*Work order*:
Filter these entries down to the lines that hold the word "side", and show each of them.

****************************************

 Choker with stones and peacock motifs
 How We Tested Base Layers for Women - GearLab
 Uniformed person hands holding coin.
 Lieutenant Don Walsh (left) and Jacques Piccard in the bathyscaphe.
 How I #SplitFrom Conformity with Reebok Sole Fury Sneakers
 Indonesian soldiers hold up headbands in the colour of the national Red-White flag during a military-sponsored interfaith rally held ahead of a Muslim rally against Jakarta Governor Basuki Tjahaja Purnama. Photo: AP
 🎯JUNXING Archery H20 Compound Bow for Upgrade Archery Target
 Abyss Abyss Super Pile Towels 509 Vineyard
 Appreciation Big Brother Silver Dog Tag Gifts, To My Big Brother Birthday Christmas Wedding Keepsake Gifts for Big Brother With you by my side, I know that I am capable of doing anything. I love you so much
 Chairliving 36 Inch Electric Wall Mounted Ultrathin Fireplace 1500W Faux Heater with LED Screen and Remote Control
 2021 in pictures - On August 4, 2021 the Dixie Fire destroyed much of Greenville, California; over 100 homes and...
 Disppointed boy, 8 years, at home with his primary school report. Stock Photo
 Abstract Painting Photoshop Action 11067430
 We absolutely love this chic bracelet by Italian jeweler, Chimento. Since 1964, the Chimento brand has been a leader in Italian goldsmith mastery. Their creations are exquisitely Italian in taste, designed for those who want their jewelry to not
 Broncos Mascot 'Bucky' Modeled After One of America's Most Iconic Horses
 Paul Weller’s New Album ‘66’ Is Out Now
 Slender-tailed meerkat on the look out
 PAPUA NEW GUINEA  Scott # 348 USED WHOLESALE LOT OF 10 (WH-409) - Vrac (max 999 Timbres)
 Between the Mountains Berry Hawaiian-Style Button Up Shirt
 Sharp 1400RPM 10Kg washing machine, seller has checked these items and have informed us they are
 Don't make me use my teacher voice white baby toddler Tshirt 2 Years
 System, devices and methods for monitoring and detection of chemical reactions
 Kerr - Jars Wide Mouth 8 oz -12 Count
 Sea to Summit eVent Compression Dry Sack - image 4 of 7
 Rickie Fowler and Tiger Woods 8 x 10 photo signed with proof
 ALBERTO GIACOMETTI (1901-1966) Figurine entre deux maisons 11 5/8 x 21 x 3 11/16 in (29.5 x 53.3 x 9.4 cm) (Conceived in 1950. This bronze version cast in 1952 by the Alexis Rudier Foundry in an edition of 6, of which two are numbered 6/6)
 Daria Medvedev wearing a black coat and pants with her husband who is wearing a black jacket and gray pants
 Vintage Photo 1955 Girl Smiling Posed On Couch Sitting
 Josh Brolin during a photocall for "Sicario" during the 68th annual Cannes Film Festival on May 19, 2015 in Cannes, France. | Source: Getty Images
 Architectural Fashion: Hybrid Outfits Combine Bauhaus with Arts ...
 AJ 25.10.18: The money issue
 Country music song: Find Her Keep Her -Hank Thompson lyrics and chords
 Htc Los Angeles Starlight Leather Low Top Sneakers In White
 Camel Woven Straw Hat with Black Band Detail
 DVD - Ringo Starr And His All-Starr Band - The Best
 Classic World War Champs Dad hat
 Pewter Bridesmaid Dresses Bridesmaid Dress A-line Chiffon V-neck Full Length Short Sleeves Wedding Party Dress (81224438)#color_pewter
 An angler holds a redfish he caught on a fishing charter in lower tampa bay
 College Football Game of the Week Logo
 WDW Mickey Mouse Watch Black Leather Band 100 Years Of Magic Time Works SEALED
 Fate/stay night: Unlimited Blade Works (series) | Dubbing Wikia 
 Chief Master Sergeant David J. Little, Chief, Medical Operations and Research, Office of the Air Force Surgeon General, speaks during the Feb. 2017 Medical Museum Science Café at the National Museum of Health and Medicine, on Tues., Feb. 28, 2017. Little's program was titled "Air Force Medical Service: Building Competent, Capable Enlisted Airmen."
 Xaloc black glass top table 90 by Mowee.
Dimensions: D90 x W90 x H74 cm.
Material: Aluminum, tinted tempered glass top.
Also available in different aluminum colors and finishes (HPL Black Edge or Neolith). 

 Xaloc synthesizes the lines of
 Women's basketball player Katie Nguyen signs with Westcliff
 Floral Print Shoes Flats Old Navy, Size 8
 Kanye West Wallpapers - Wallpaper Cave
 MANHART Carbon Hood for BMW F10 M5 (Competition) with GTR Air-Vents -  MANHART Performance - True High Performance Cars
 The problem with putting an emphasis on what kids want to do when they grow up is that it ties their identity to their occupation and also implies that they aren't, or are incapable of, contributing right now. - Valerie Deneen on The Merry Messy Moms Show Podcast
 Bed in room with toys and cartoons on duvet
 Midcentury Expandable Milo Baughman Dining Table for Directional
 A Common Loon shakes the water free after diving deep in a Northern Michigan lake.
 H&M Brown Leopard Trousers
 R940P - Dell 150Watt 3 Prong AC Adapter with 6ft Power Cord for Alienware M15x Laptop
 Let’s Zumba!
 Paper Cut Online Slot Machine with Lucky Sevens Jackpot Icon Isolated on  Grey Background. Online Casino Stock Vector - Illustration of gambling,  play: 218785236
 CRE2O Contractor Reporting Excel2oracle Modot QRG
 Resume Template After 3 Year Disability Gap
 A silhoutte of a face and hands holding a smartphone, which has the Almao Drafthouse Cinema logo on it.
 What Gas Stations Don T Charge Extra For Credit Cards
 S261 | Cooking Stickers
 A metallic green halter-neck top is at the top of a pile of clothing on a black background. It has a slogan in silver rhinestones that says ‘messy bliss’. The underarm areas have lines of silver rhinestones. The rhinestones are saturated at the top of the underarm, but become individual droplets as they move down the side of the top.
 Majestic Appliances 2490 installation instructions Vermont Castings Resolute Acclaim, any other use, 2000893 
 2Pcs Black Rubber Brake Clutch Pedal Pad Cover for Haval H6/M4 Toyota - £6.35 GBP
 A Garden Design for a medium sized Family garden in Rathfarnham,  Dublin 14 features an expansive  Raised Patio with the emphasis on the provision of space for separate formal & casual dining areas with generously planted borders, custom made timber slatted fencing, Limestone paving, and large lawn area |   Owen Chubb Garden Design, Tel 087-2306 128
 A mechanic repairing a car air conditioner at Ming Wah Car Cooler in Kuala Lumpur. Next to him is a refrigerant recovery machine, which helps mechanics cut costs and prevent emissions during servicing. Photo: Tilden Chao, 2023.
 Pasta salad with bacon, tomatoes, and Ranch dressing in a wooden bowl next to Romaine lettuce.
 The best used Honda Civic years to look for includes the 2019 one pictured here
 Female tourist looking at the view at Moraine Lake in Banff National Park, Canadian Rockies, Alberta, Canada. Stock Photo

****************************************

*Result of this task*:
 Appreciation Big Brother Silver Dog Tag Gifts, To My Big Brother Birthday Christmas Wedding Keepsake Gifts for Big Brother With you by my side, I know that I am capable of doing anything. I love you so much
 A metallic green halter-neck top is at the top of a pile of clothing on a black background. It has a slogan in silver rhinestones that says ‘messy bliss’. The underarm areas have lines of silver rhinestones. The rhinestones are saturated at the top of the underarm, but become individual droplets as they move down the side of the top.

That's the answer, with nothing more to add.